Your goal: Restate the data below word for word. Skip any images it contains.

Supplied material:
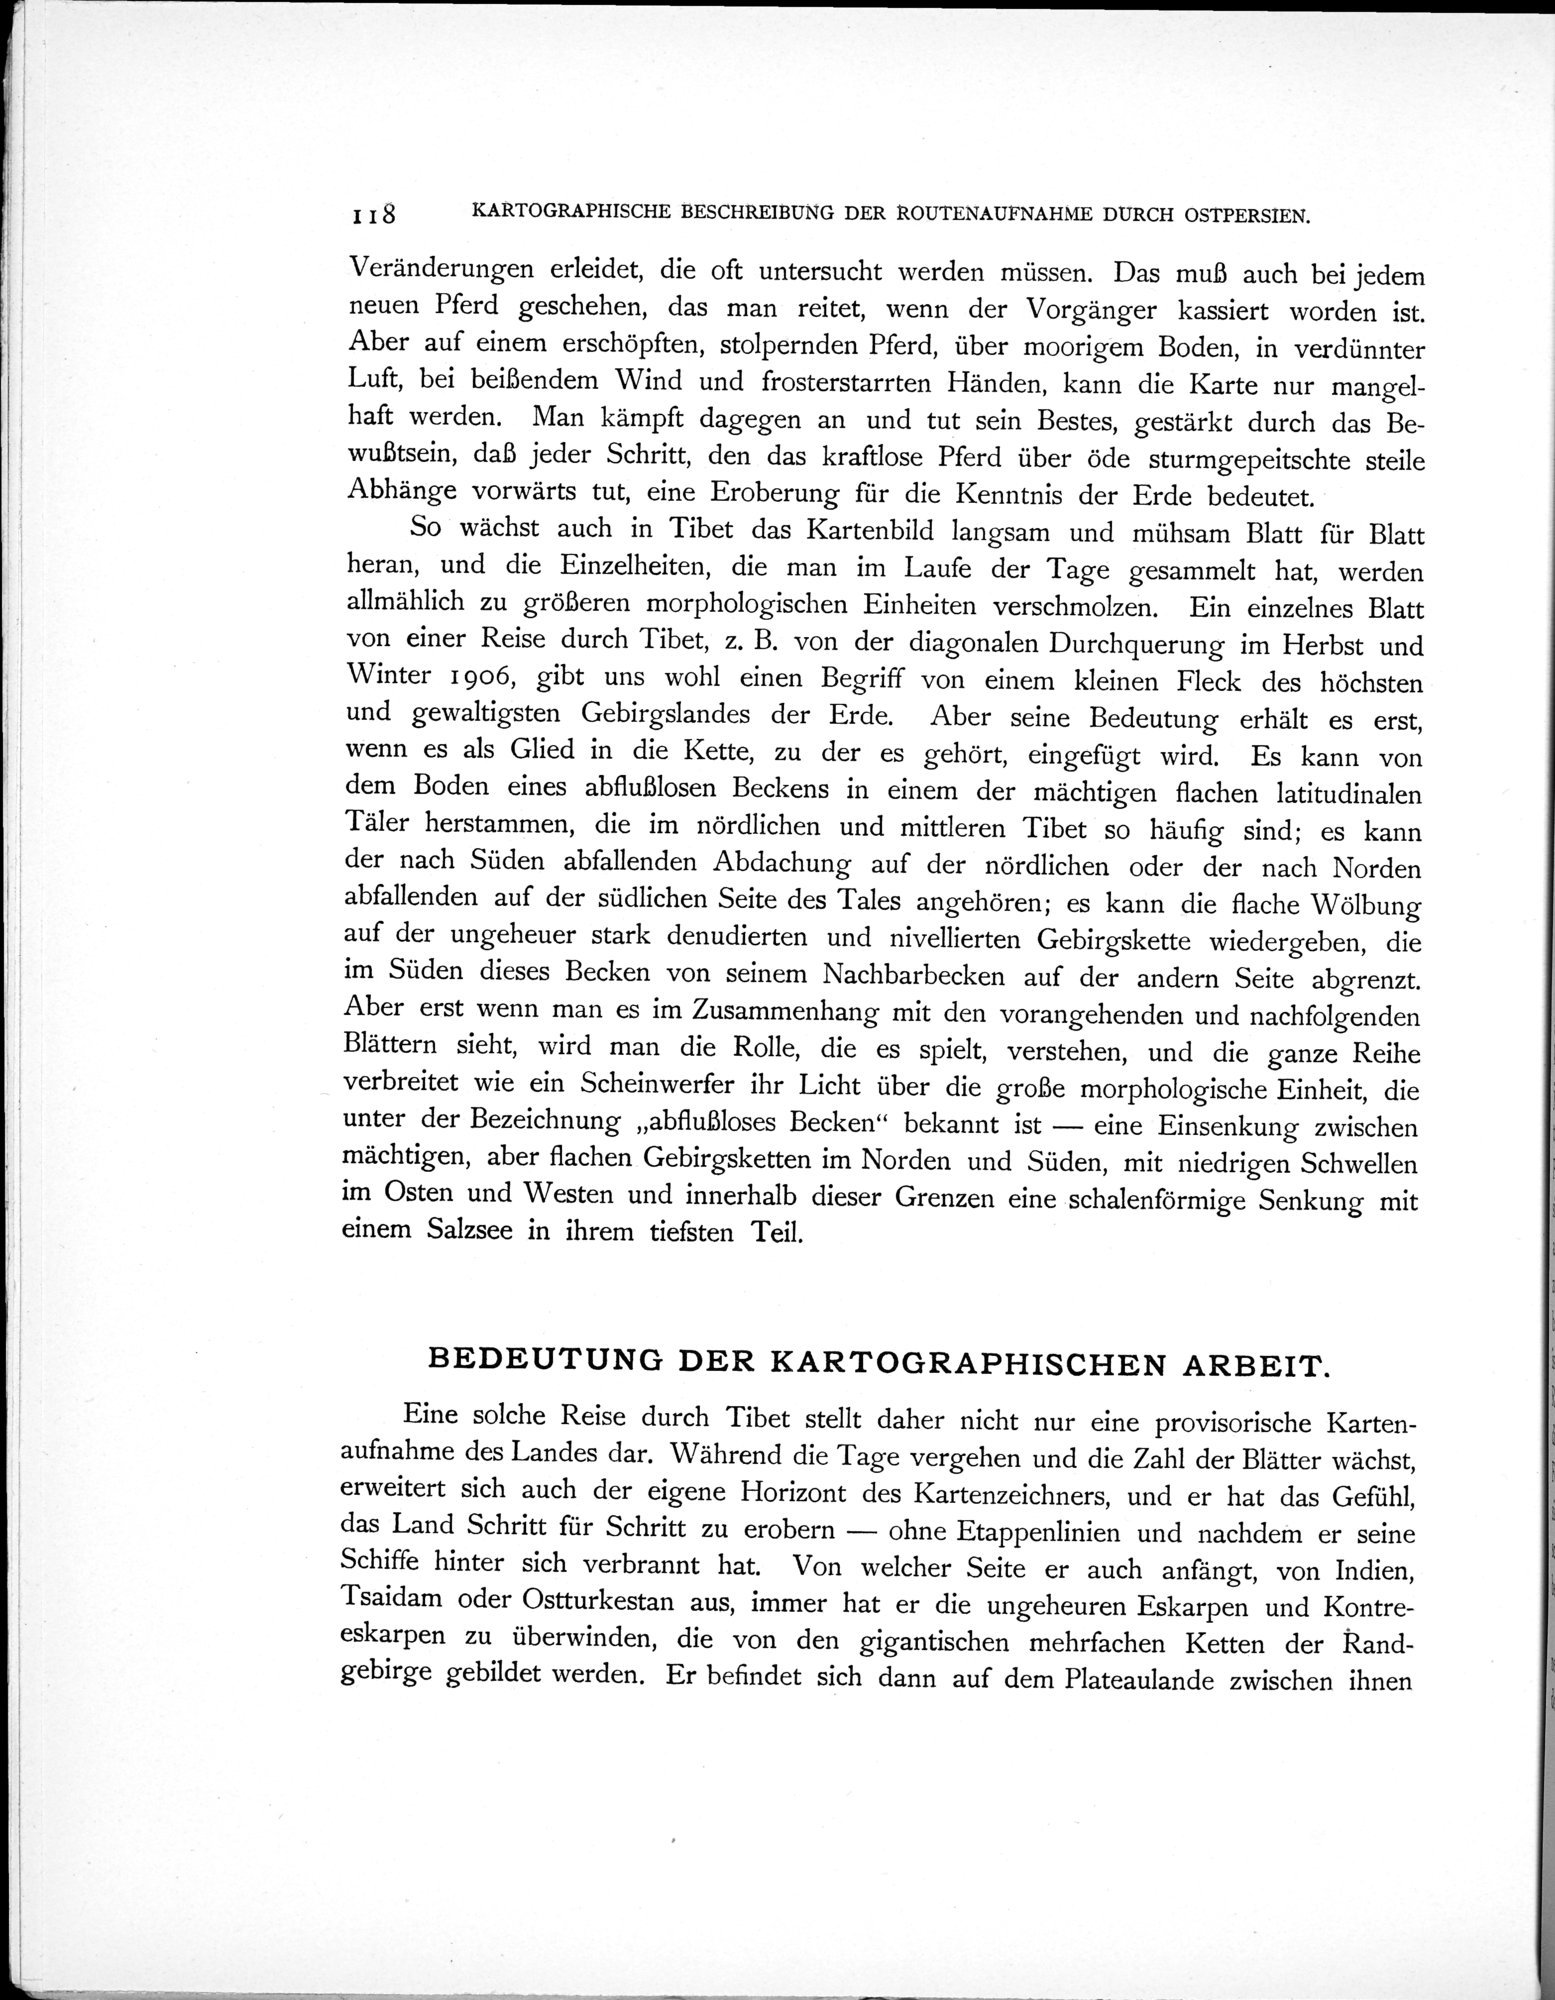 Eine Routenaufnahme durch Ostpersien : vol.2 / Page 172 (Grayscale High Resolution Image)
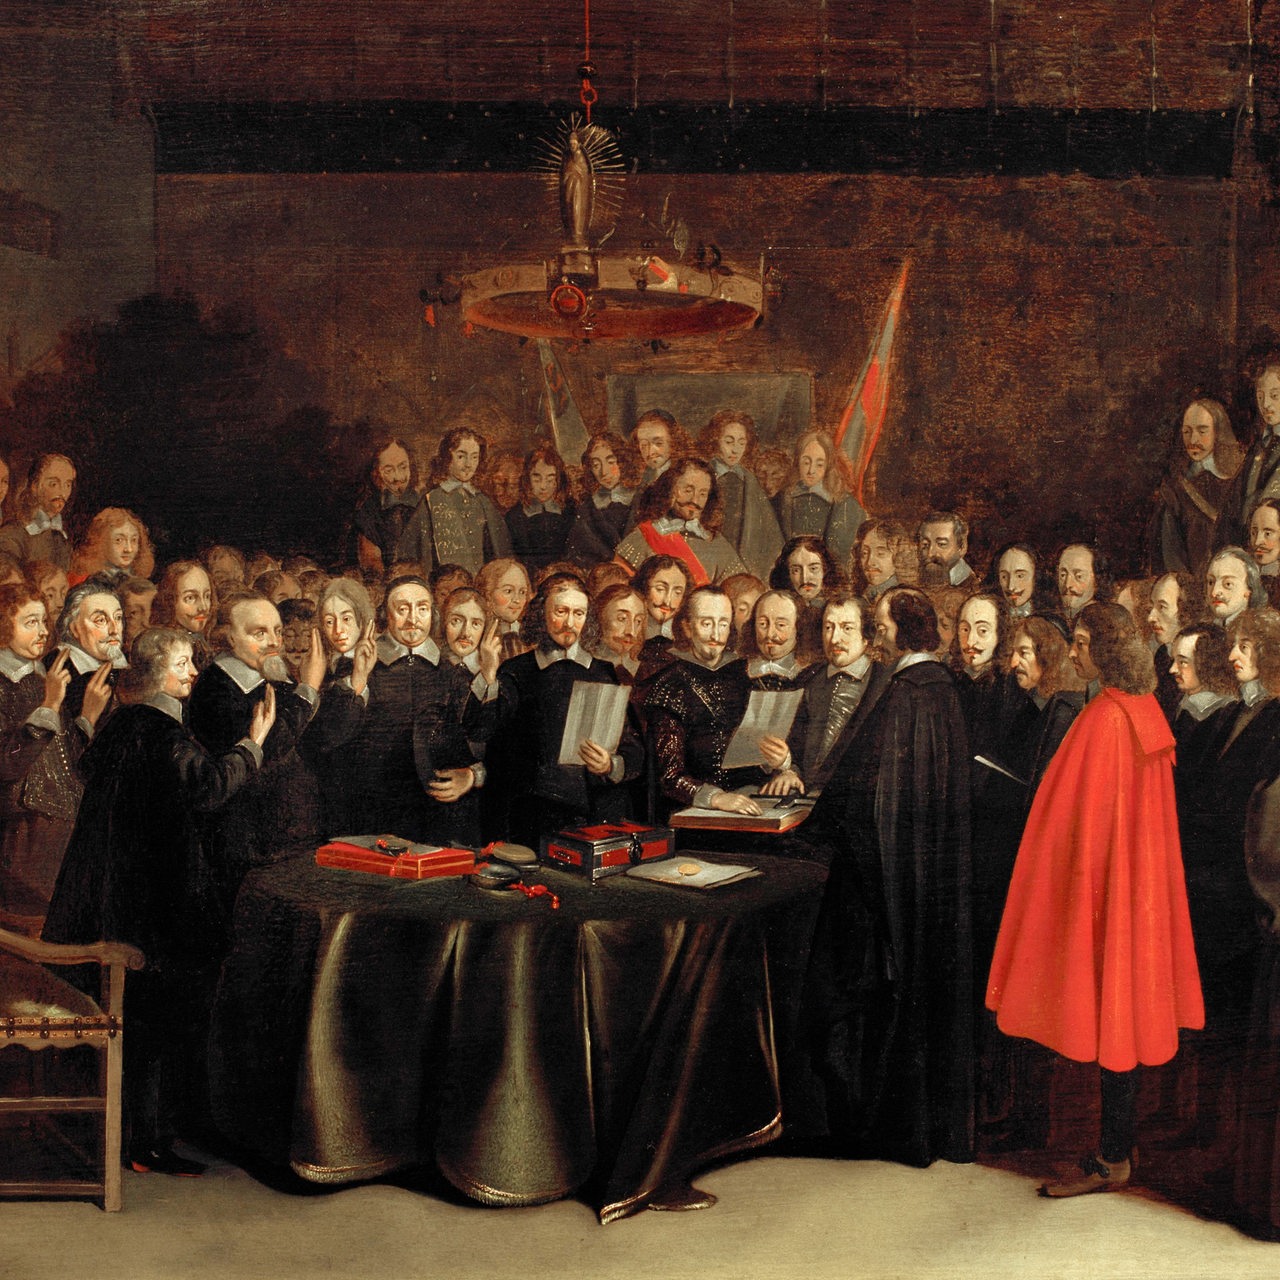 Gemälde: Westfälischer Friede 1648. Der Friedensschwur von Münster am 15. Mai 1648
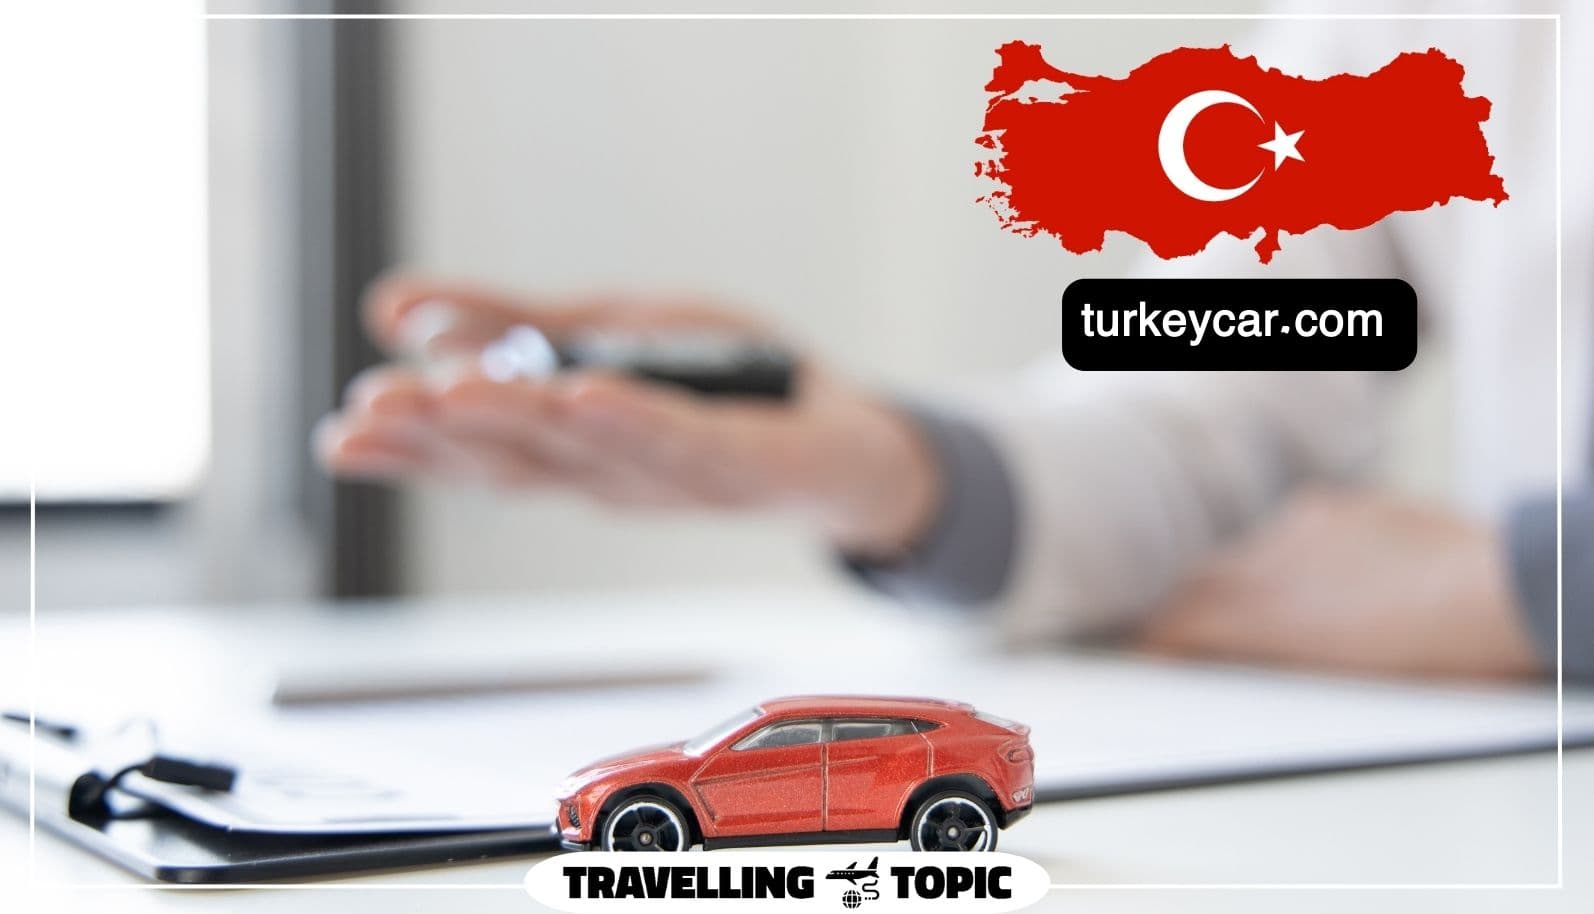 turkeycar.com

Result below:
 Eine Routenaufnahme durch Ostpersien : vol.2 / Page 172 (Grayscale High Resolution Image)
 Gemälde: Westfälischer Friede 1648. Der Friedensschwur von Münster am 15. Mai 1648
 turkeycar.com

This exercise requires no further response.